▶ [TASK TO CARRY OUT]
Line by line, transcribe the data below exactly and pass over the images.

▶ [RECORDED DATA]
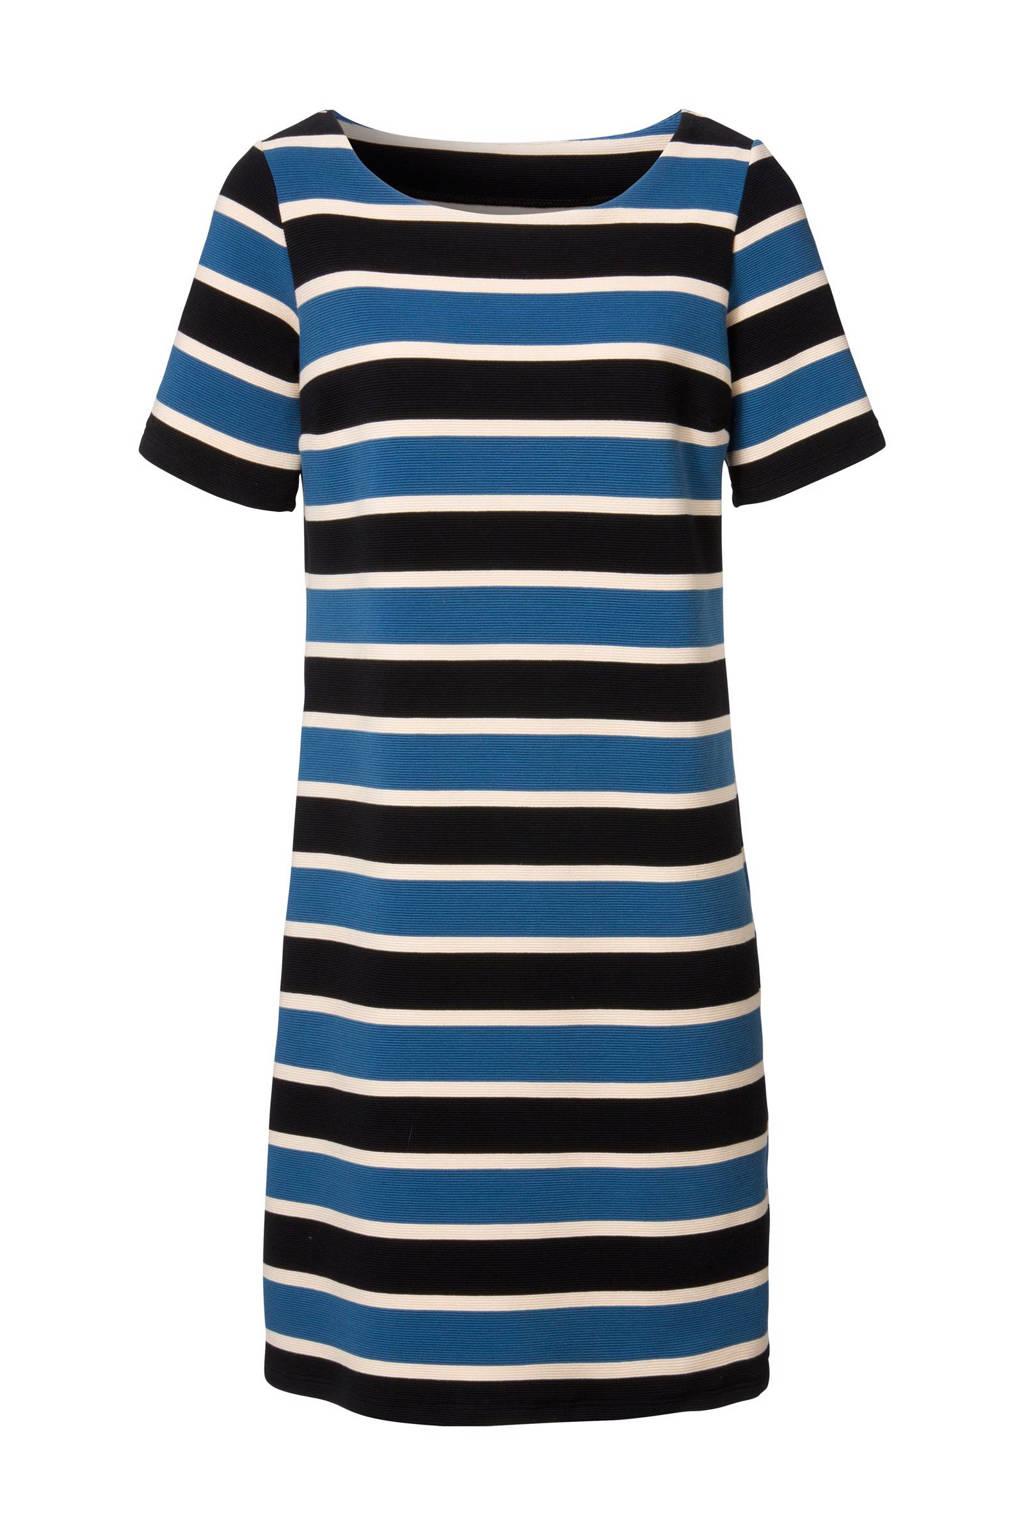 Didi A-lijn jurk, Zwart/blauw
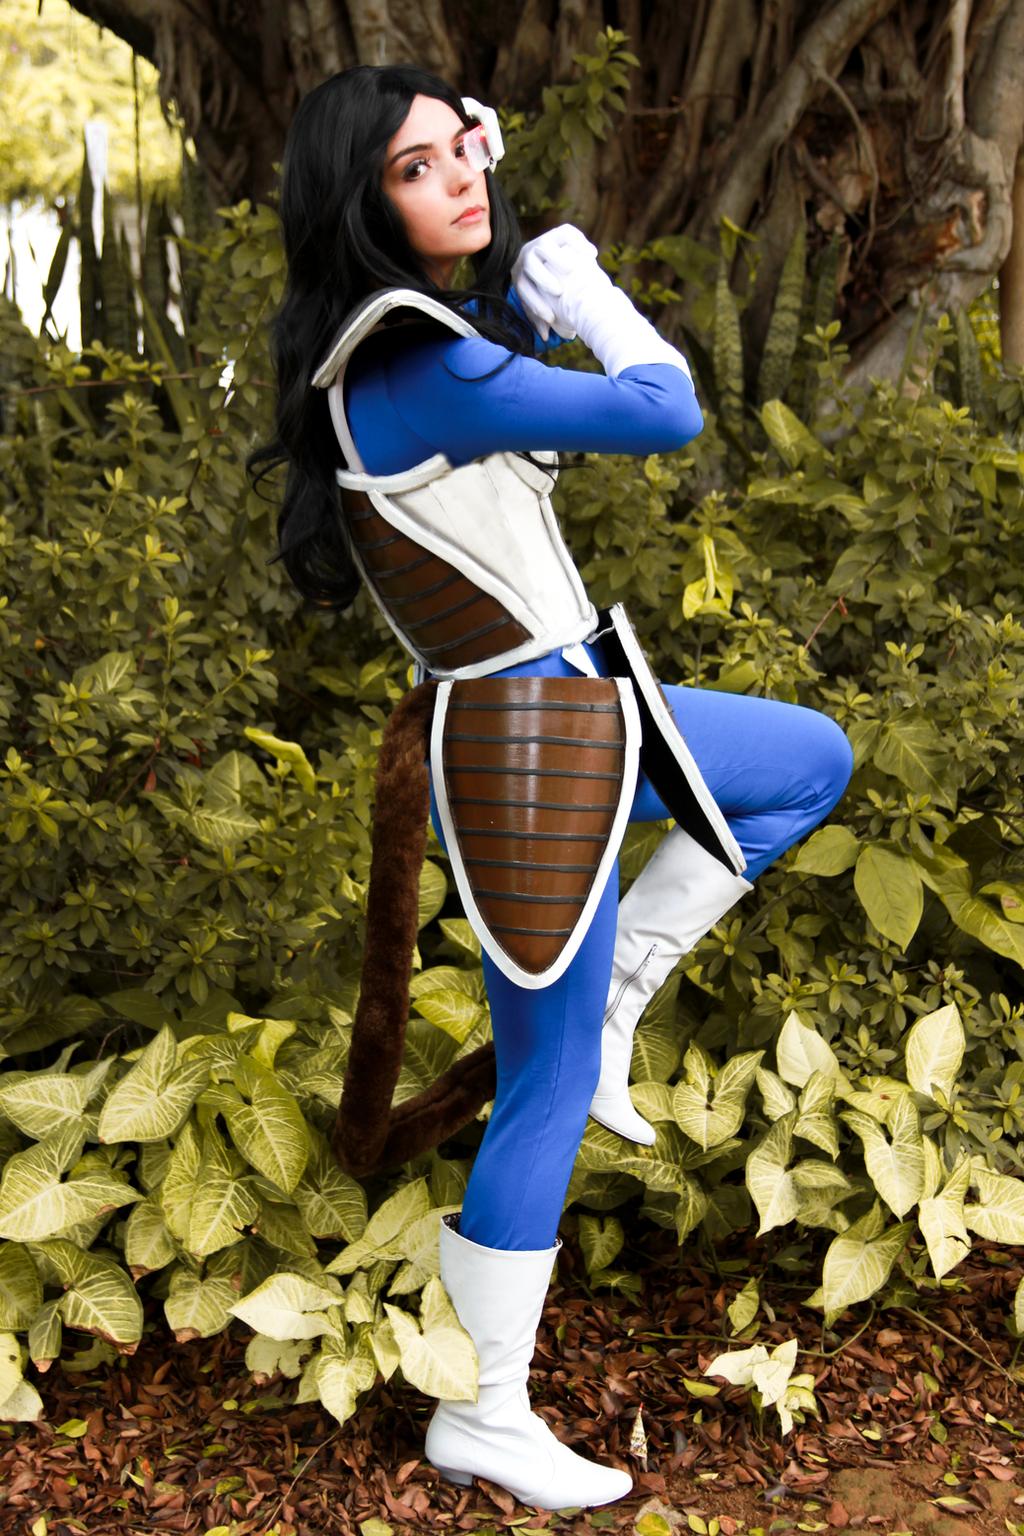 ball female cosplay Dragon
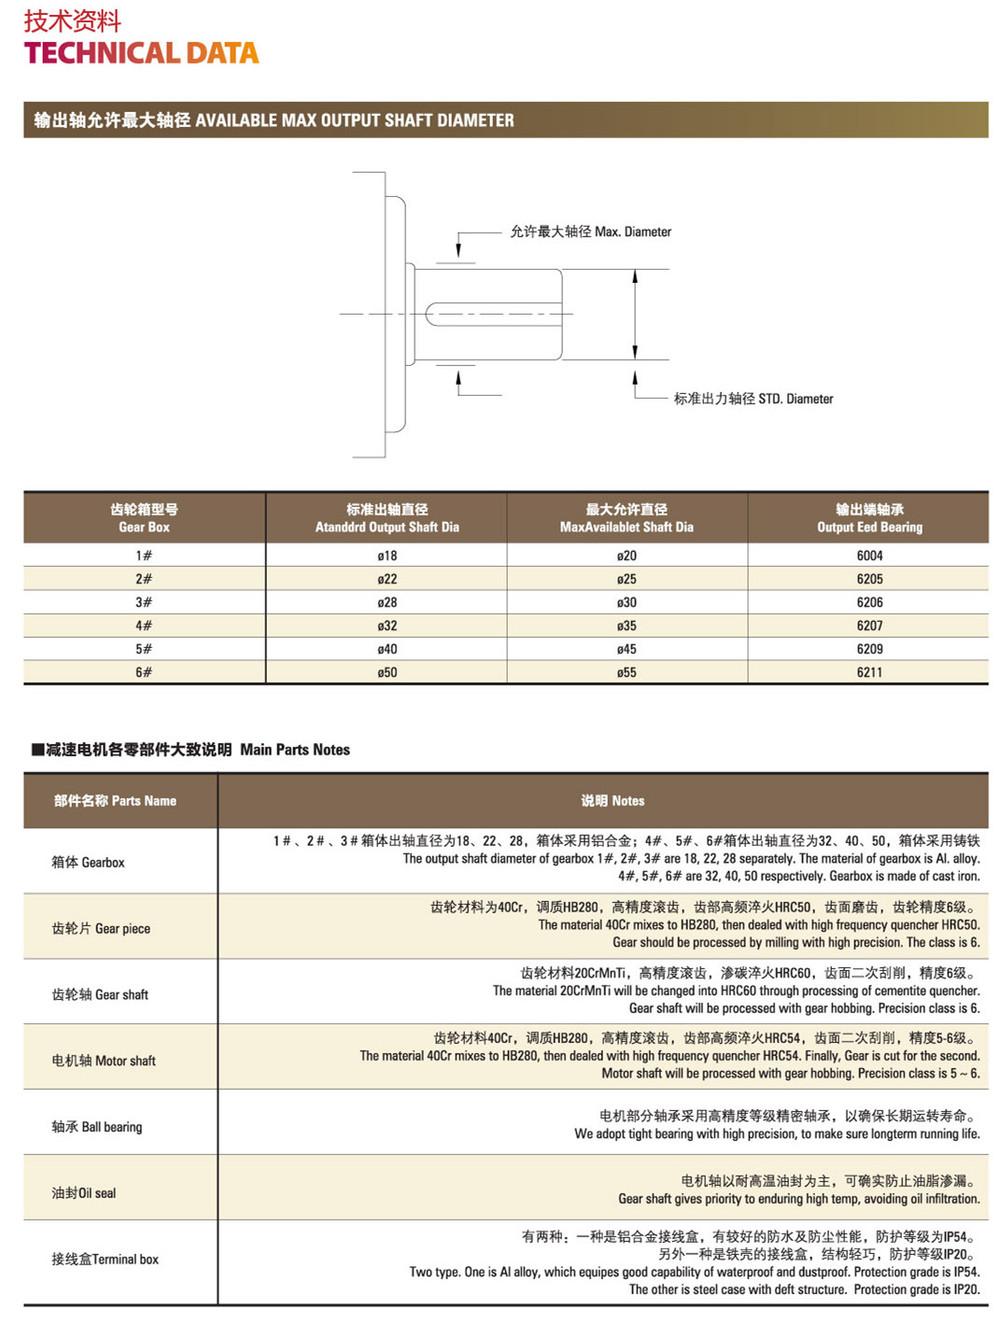 HTB1.1wyHXXXXXaaXXXXq6xXFXXXe - 200W motor with brake voltage 220 volts 1 phase shaft diameter 22mm output speed 90-100 turns reducer for the machine tool

▶ [RESPONSE TO THIS EXERCISE]
 Didi A-lijn jurk, Zwart/blauw
 ball female cosplay Dragon
 HTB1.1wyHXXXXXaaXXXXq6xXFXXXe - 200W motor with brake voltage 220 volts 1 phase shaft diameter 22mm output speed 90-100 turns reducer for the machine tool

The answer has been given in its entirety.